Our friend Nick loves music and wanted to bring that passion into the design of his new home. You can use the same idea to create a custom wall mural: pick an image you love and use the projection technique he used to transfer and paint it onto a wall.

Below are clear, step-by-step instructions along with the tools and materials you’ll need to paint your own mural. The approach is flexible: you can follow every step for the neatest result, or simplify some parts if you prefer a more freehand style.
Tools & Materials
- Tape measure
- Computer
- Image-editing software (Photoshop or similar)
- Projector
- Pencil
- Ruler or straightedge
- Paint (colors of your choice)
- Painters tape
- Drop cloth
- Paint brushes — small artist brushes up to a 2″ brush (or larger, depending on your image)
- Paint cup or palette
Step-by-Step Instructions
- Find an image you want to use. You can choose artwork, a photograph, or design elements that match your space and taste.
- Measure the rectangular area of the wall where you want the mural to appear. Note the width and height so you can scale the artwork correctly.
- If you plan to use digital editing: open your image-editing software and create a new file sized to match the measured wall rectangle. This helps you visualize scale and composition before you project.
- Place your chosen image into that canvas and enlarge it to the size you want the mural to be. Position and crop as needed so the important parts fall where you want them on the wall.
- If you want to customize the artwork, make edits now. In Nick’s mural, for example, he added musical notes meaningful to him rather than keeping the original notation in the image.

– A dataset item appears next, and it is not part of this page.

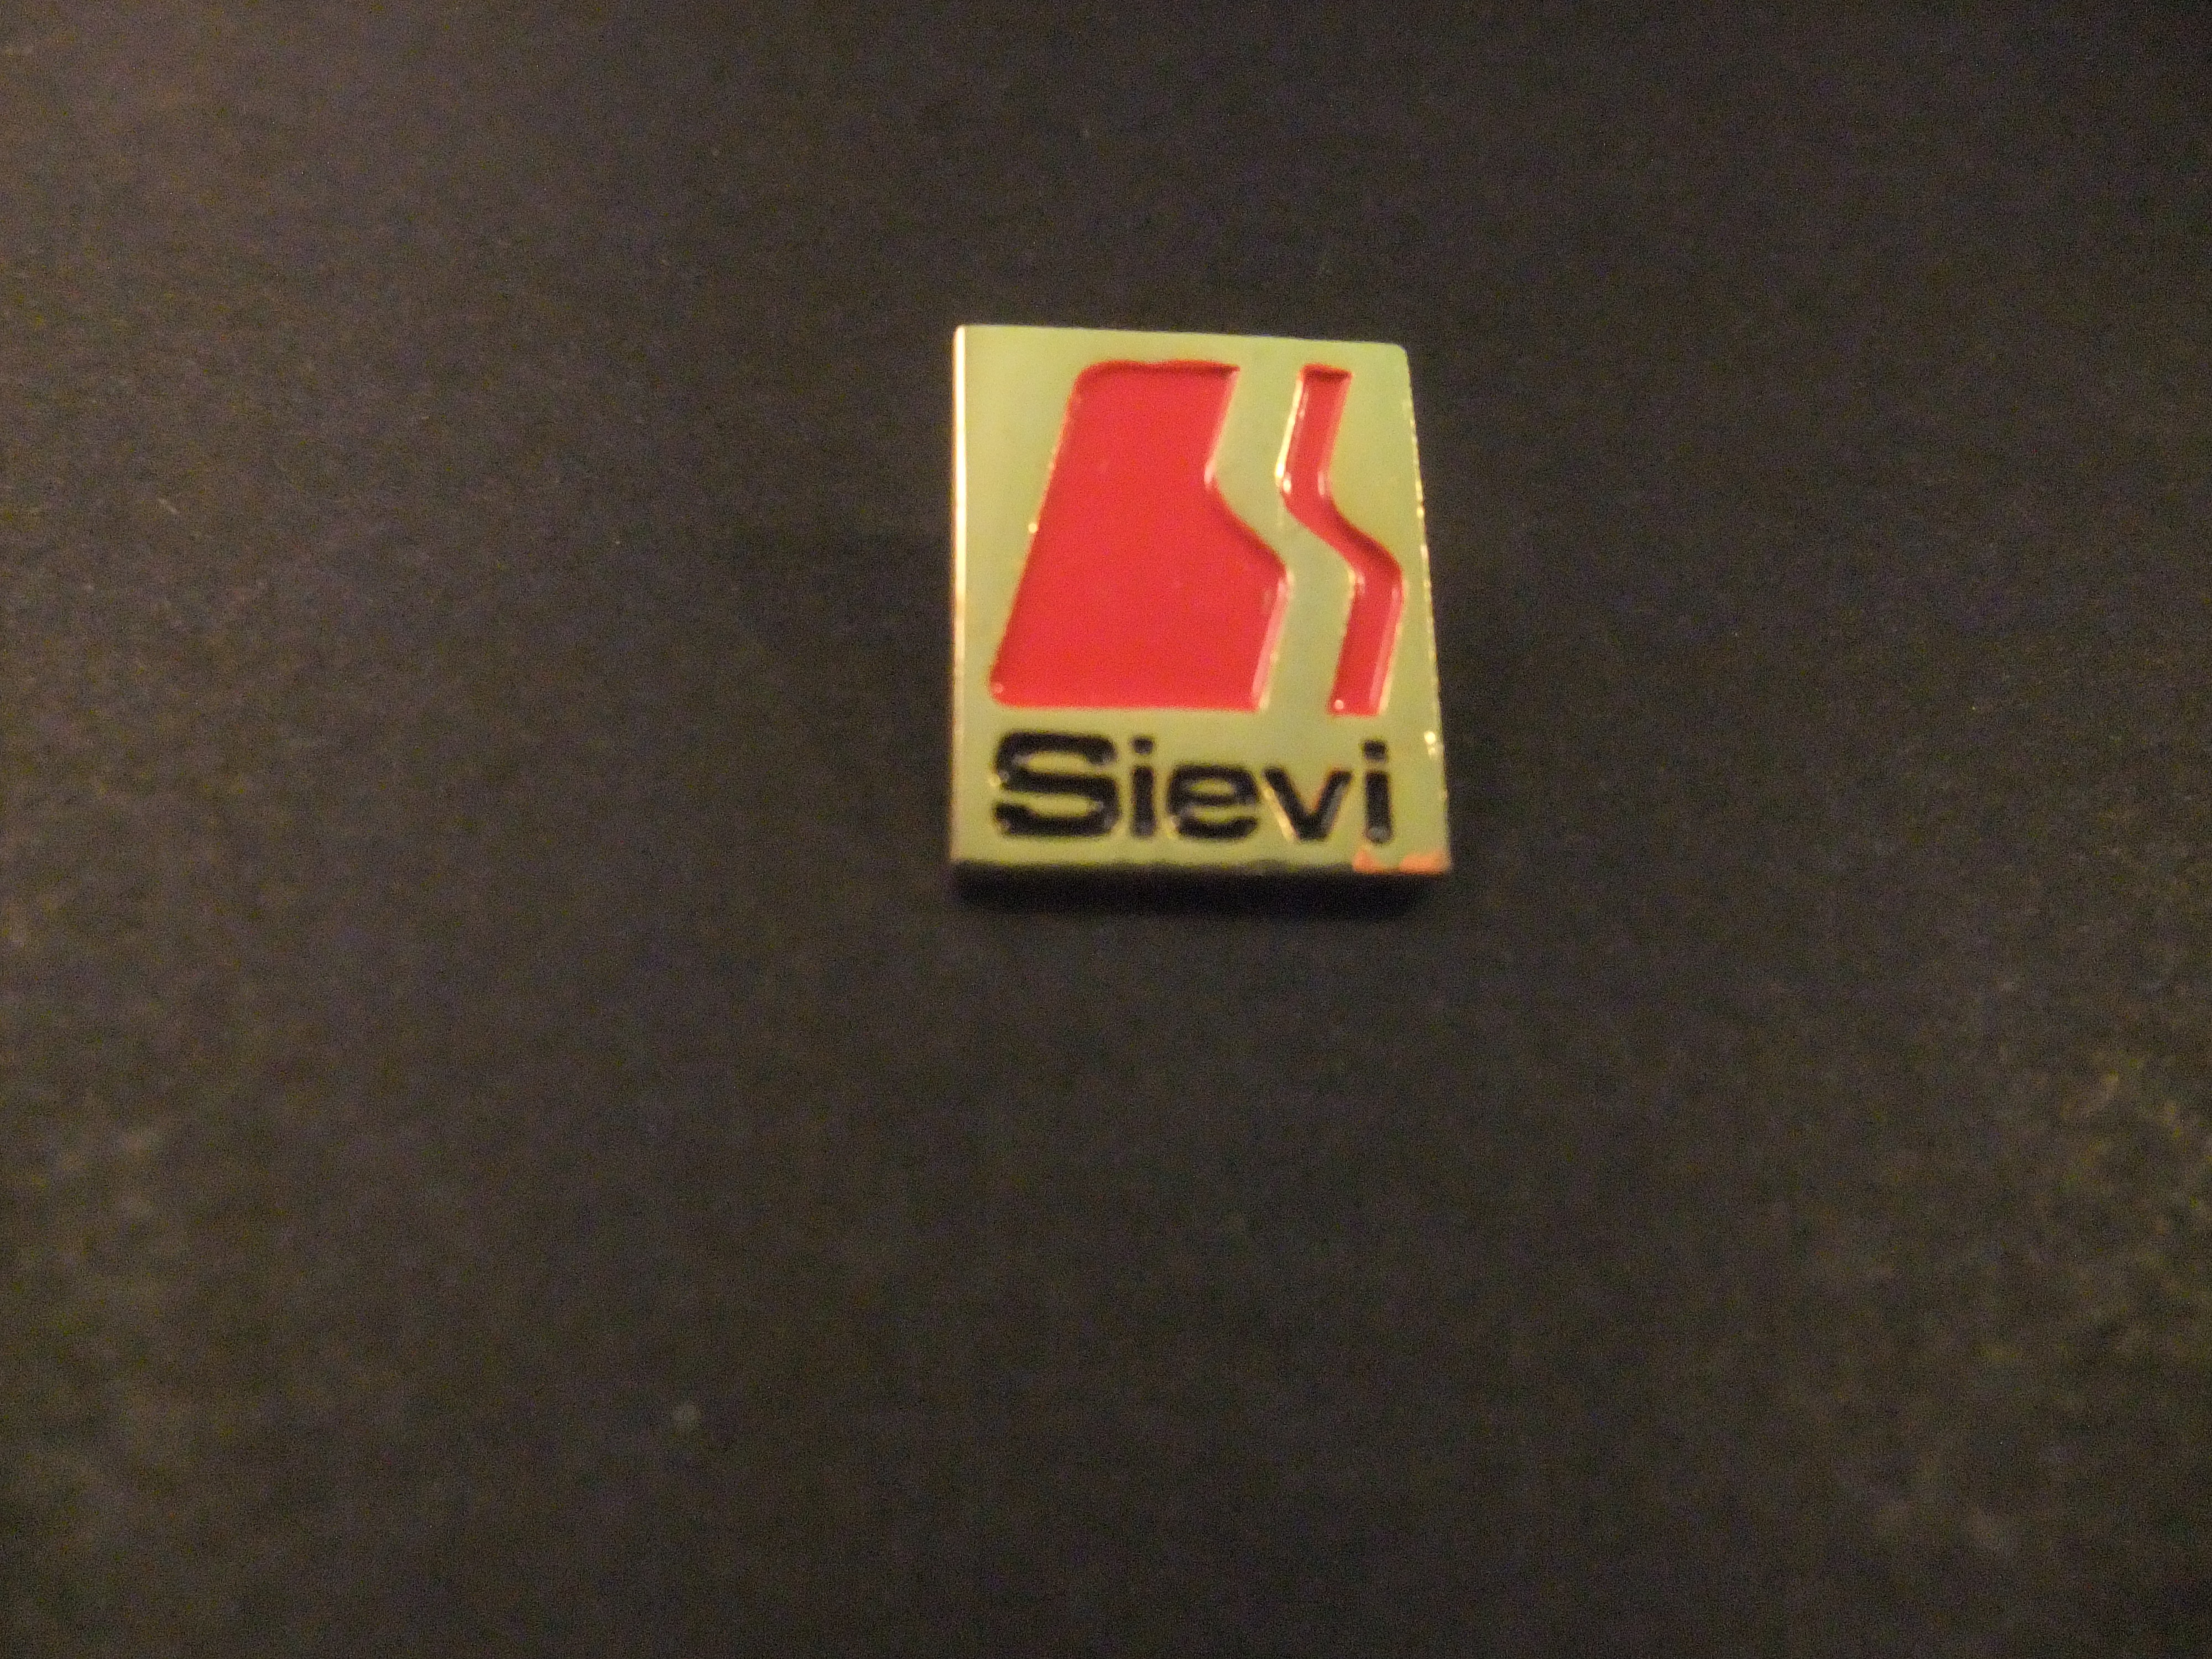 Sievi veiligheids- en werkschoenen, logo

- Set up your projector and move it back until the projected image is as large as possible in the space you’ll be working. You’ll be projecting the artwork in sections, so check that the projector can slide left or right without changing image size. Open a full-screen test image on your computer to ensure the projection fills the display edges; some image viewers add margins that reduce usable projection area. Measure the dimensions of the projected image so you know the area covered by each projection.

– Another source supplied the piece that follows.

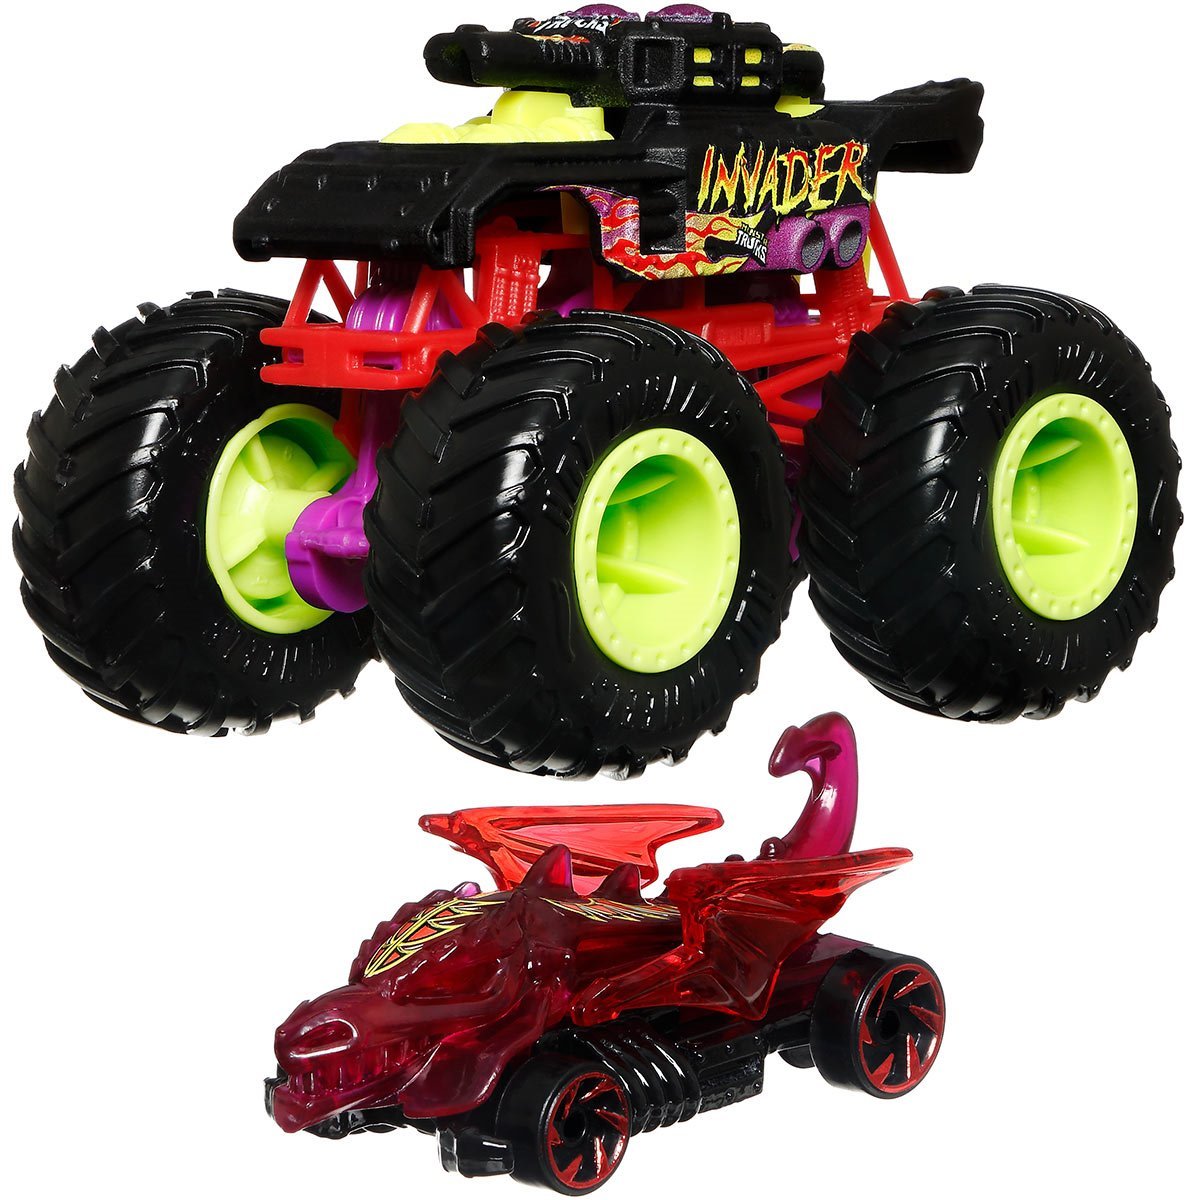 Hot Wheels Monster Trucks Live 8-Pack, Toy Trucks, Gift for Kids 3

- In your editing software, add guides or markers to divide the full artwork into sections the size of your projector’s maximum projection area. Allow at least an inch of overlap between adjacent sections so you can align them precisely on the wall.
- Export each marked section as its own image file. You should end up with multiple files that, when projected in sequence, reconstruct the full mural.

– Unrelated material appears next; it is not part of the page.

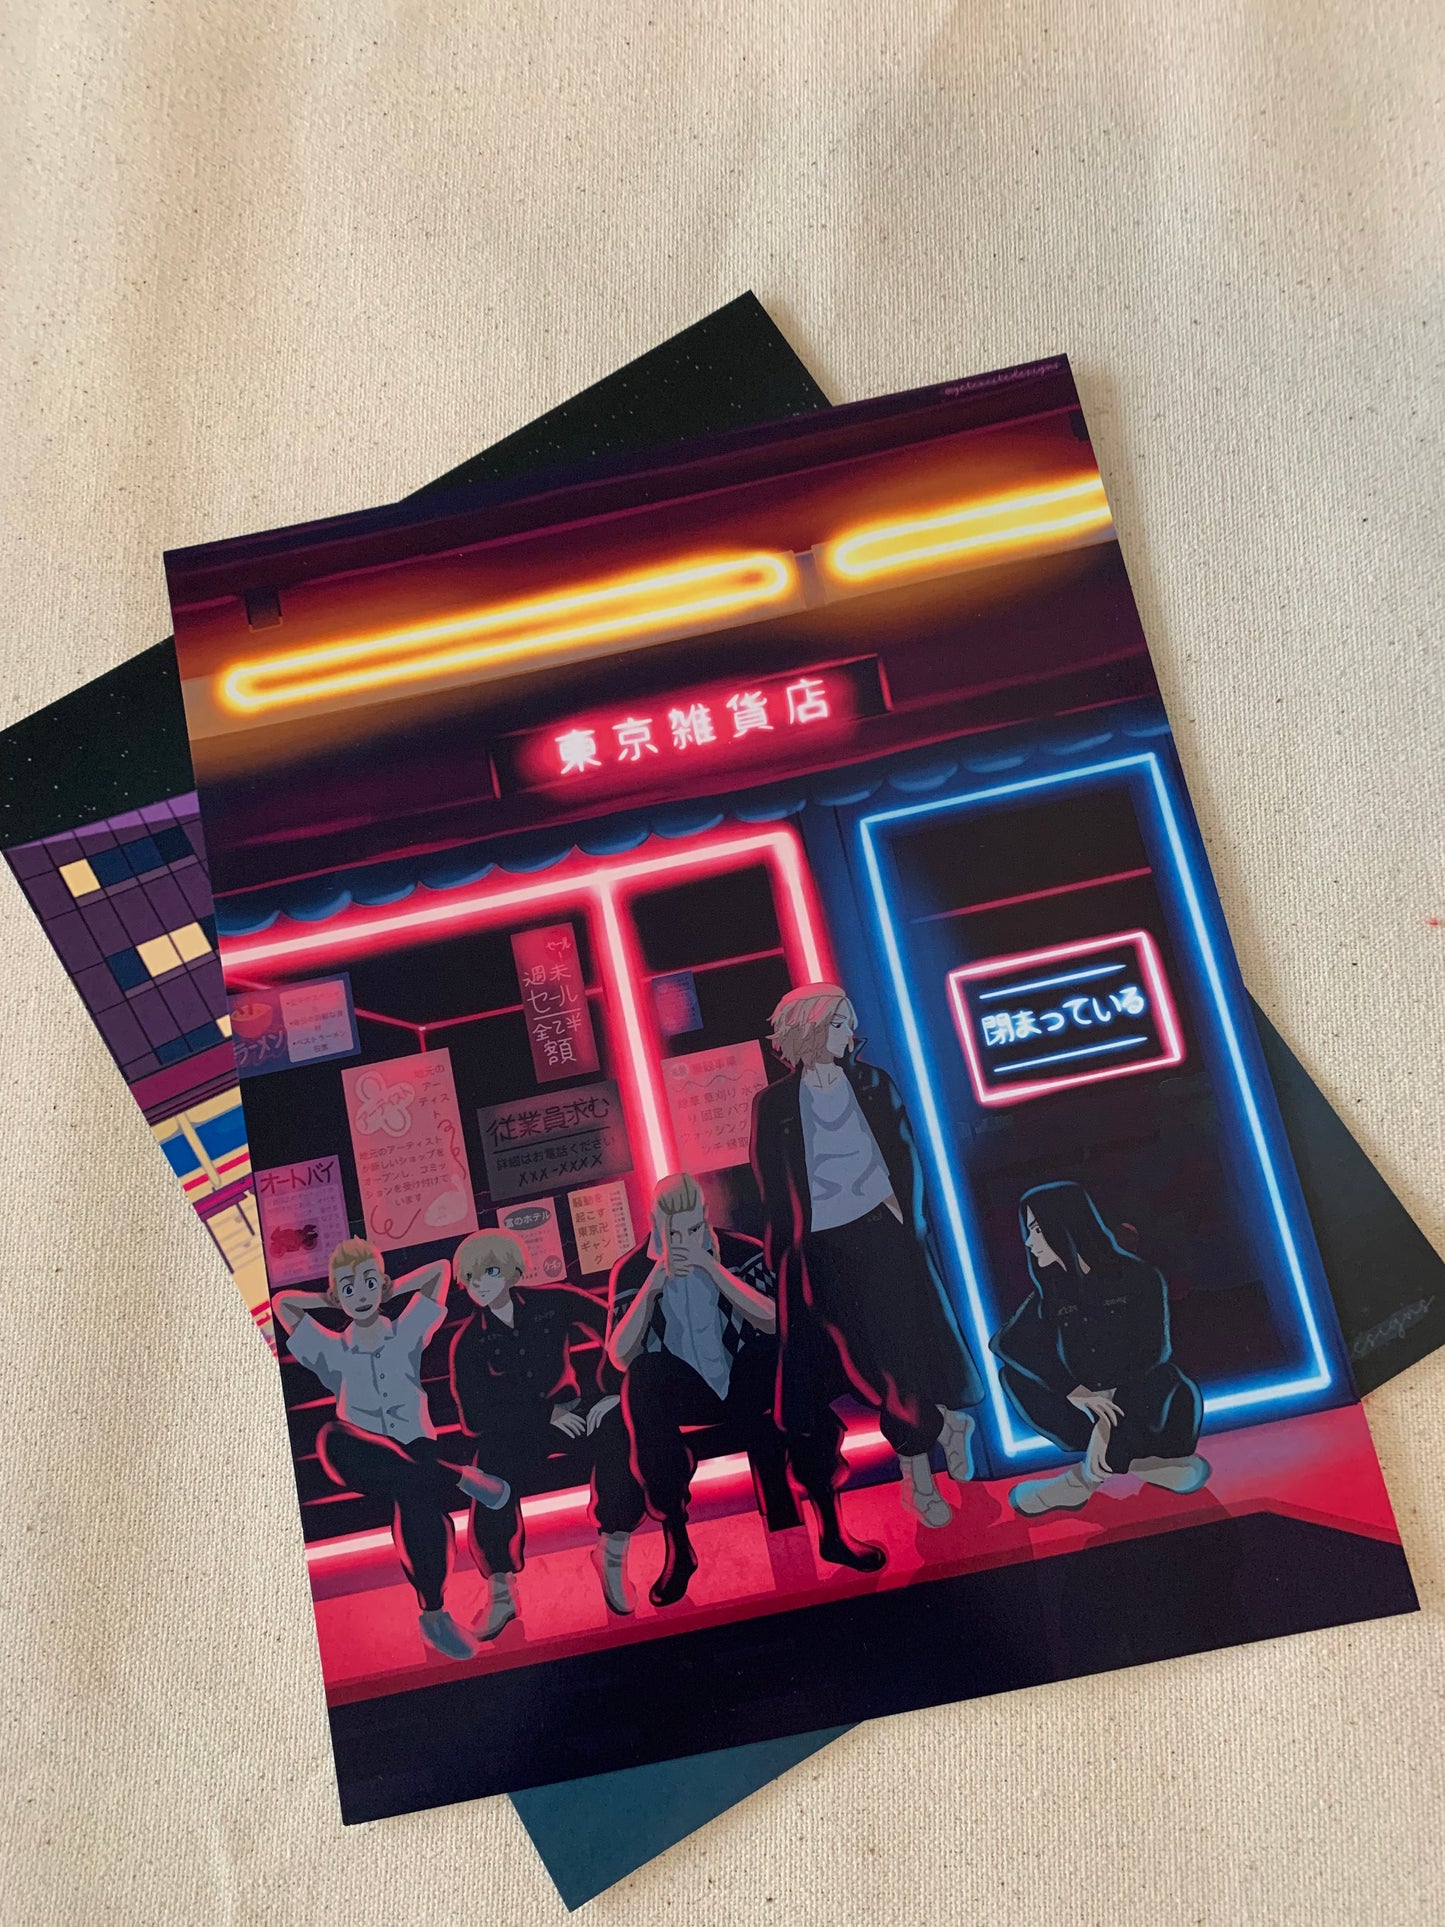 Tokyo Manji Neon Store Print

- Open the first section file on your computer and project it onto the wall where you want the mural to begin. Make sure the projected image is level; adjust the projector or use a level to confirm alignment.
- Trace the projected image onto the wall with a pencil. Use a ruler or straightedge for straight elements to keep lines clean and accurate.
- Open the next section file and move the projector so the new projection lines up with the overlap area of the previous tracing. Trace this section, and continue projecting and tracing each section until the entire mural is transferred to the wall.
- Apply painters tape along edges where you want perfectly clean, straight lines. Some curved or intricate areas can’t be taped; leave those for careful brushwork.
- Paint the mural. For areas that weren’t taped, start with a very small brush to paint crisp edges, then switch to larger brushes for filling in broader areas. Work from background to foreground or from light to dark colors depending on your image and paint opacity. Use a drop cloth to protect floors and furniture.

With patience and careful alignment, projecting the design in sections makes it surprisingly straightforward to reproduce detailed artwork on a large wall. Thanks to Nick for the inspiration—his finished mural brings personality and musical energy to the space and shows how a thoughtful approach turns a simple wall into a standout feature.